- Tamawood (TWD) sees enquiries decline in the last week, which is attributed to interest rate rises and the upcoming Australian election
- However, the company believes it is well positioned to take advantage of the changing economic climate
- It expects to see future success due to its lower costs, experienced staff, and rental market conditions
- The recent acquisition of Astivita and supplier relationships has ensured it is well supplied to finish homes and hold six month of stocks and order in advance.
- Shares are trading 5.36 per cent lower today at $3 each
Home construction company Tamawood (TWD) has seen enquiries decline in the last week, which is attributed to interest rate rises and the upcoming Australian election.
However, the company believes it is well positioned to take advantage of the changing economic climate.
It expects to see future success due to its lower costs, experienced staff, and rental market conditions.
In addition, recently introduced accessible housing requirements are expected to have cost implications for competitors in the industry.
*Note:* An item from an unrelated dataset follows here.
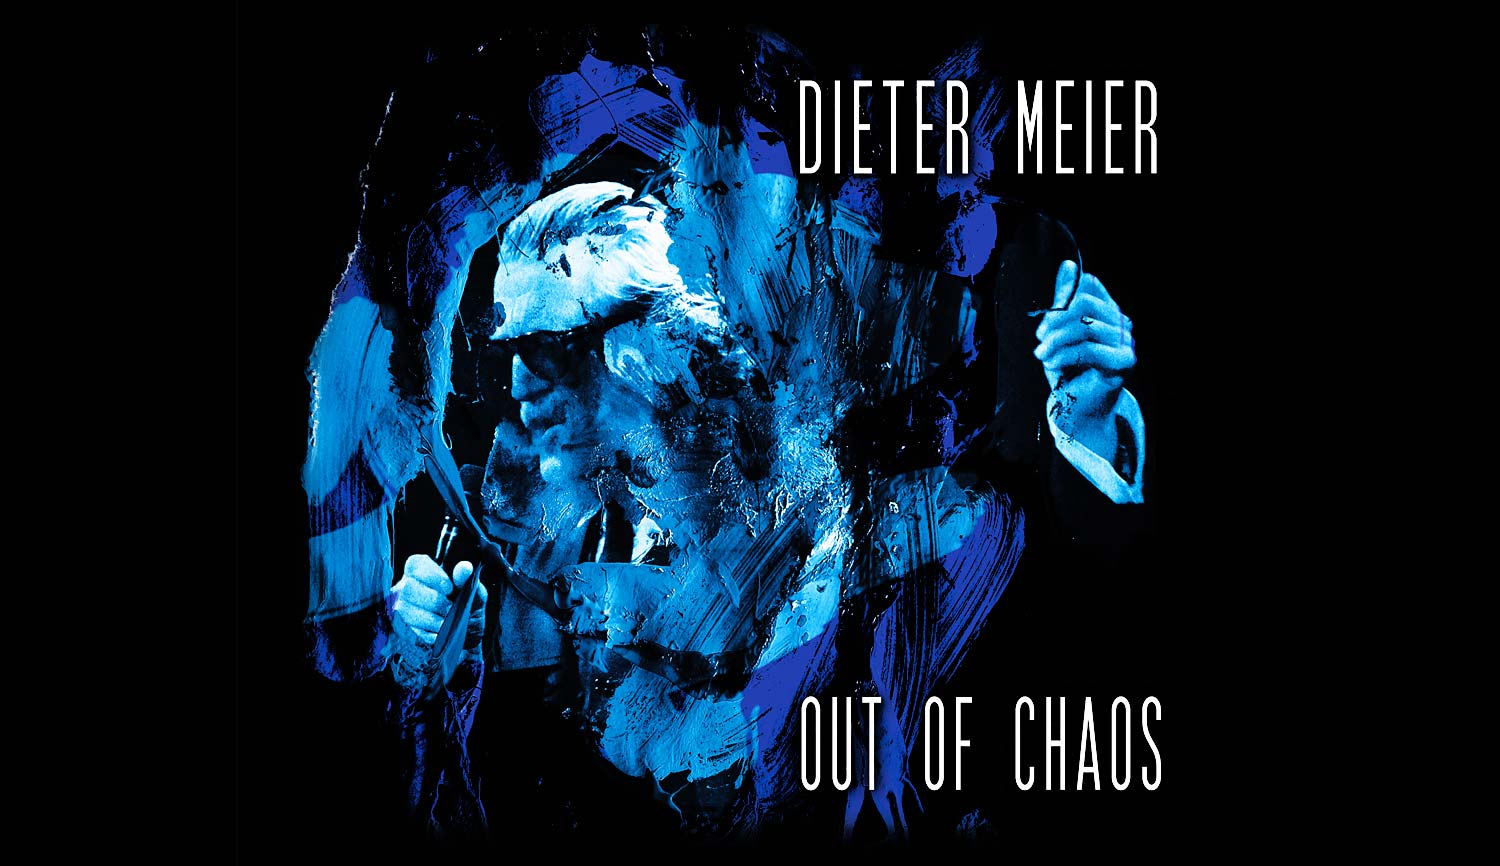 Dieter Meier - OUT OF CHAOS

Costs and availability of building materials have been significantly affected recently through the Ukraine war and ongoing lockdowns in China.
However, the company has ensured it is well supplied to finish homes and hold six months of stock and order in advance. It said it has achieved this through its recent acquisition of Astivita and supplier relationships.
Shares were trading 5.36 per cent lower today at $3 each at market close.